Comments for Gowers's Weblog

Comment on When are two proofs essentially the same? by Paul

Paul — Mon, 12 May 2008 23:48:52 +0000

A good problem to think of in this context would be the classic theorem
“Whenever a rectangle is tiled by rectangles each of which has at least one integer side, then the tiled rectangle has at least one integer side.”

Wagon offers 14 different proofs in “Fourteen proofs of a result about tiling of a rectangle” and he even classifies them according to how they generalize…

http://www.jstor.org/stable/2322213?seq=1

Comment on When are two proofs essentially the same? by Konstantin Ziegler’s Weblog

Konstantin Ziegler’s Weblog — Wed, 07 May 2008 11:17:43 +0000

[...] Gowers asks When are two proofs essentially the same? For example, it is often possible to convert a standard inductive proof into a proof by [...]

Comment on Probability paradox II by Ehud Friedgut

Ehud Friedgut — Tue, 06 May 2008 12:13:27 +0000

If we formalize everything we have no problem with the fact that there are two random variables X and Y and two ways to partition our probability space such that in one way the conditional expectation
of X is always larger, and in the other way Y always wins.

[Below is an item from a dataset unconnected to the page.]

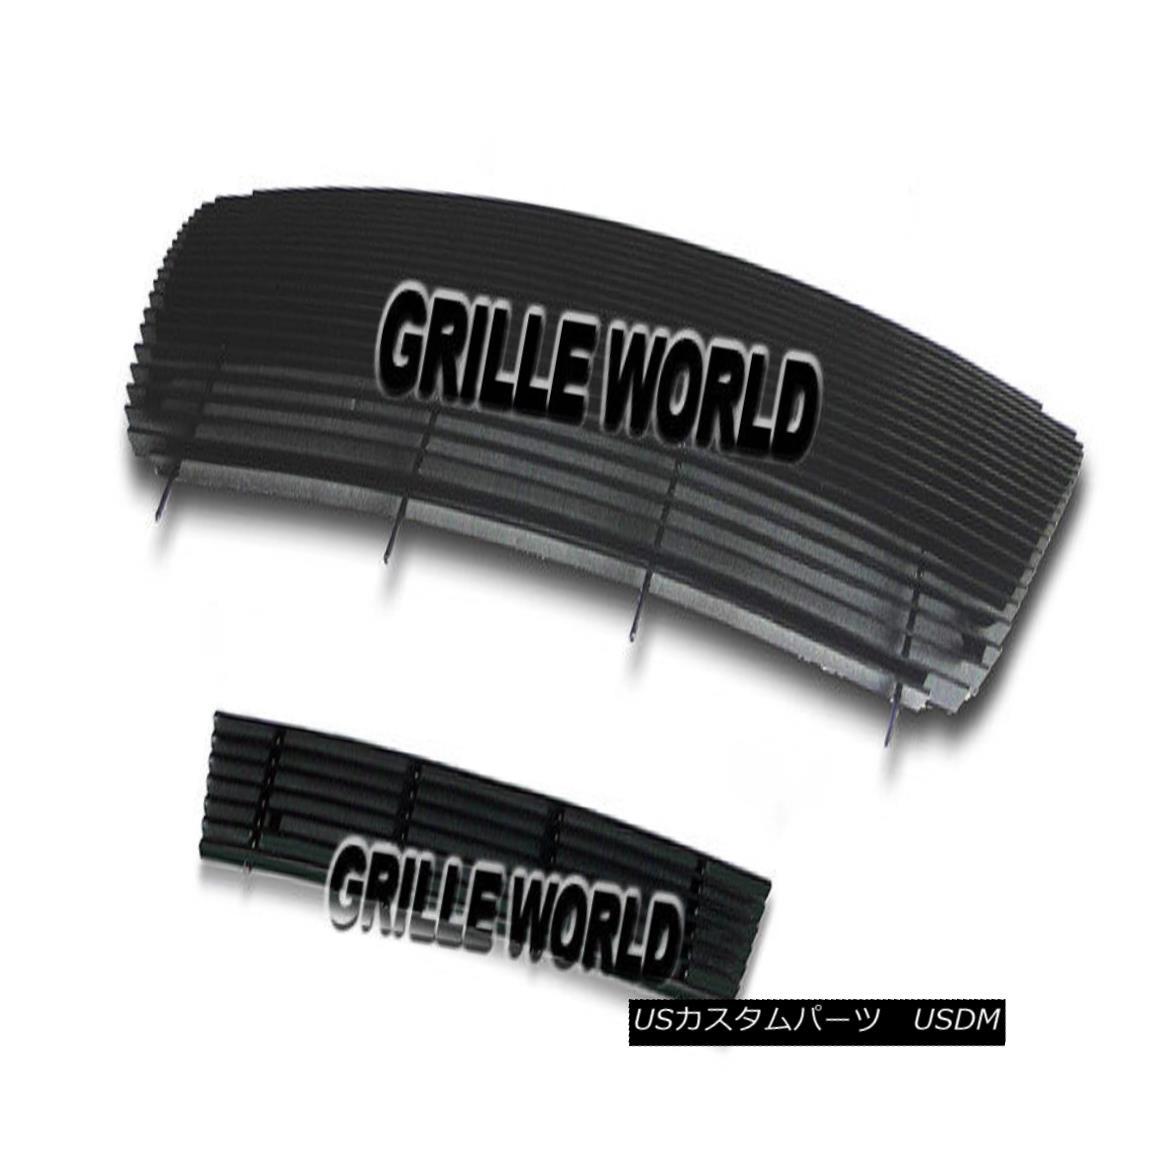 グリル For 04-05 Ford F-150 All Model Black Billet Premium Grille Insert Combo 04-05フォードF-150全モデルブラックビレットプレミアムグリルインサートコンボ用

What bothers us is the implications of this on our actions in “real life”
There are two operations we want to do:
1) Choose between the envelopes in a manner that maximizes our expectation.
2) Look at the content of the envelope we’re holding, in order to decide what to do.

Obviously these two operations do not “commute” since before looking at the content the expectation is infinite, so action number 1 is meaningless.
The whole “paradox” comes from our intuition that if whenever we do action 2 first we do the same thing in action 1 then the operations do commute. i.e. it is meaningful to do action 1 first.

This is just a fallacy of our limited intuition that usually
deals with random variables with finite expectation.
I like to think of this as a version of Schroedinger’s cat:
by looking at the content of the envelope we cause a collapse of the wave function.

Comment on Probability paradox II by Gil

Gil — Tue, 06 May 2008 11:03:11 +0000

Another variant on how to how to tell this paradox would be that after you get the envalopes you have to pay 1 dollar for switching the envalopes and 1 dollar to look at the content of the envalope you have.

Comment on Probability paradox II by Gil Kalai

Gil Kalai — Tue, 06 May 2008 10:58:57 +0000

There is some resemblence between this paradox and the Newcomb paradox. Also there there are reasons that the dominant strategy be rejected but for the Newcomb’s paradox this is not because of unrealistic probabilistic distribution but because of strange logical connections between your action and a prediction that took place before the actions.

As for this paradox, I do not see how the argument that the situation is untrue because the probability distribution is supposed to have infinite expectation can be rejected by the counter argument with the heaven story (either Tim’s or Terry’s version).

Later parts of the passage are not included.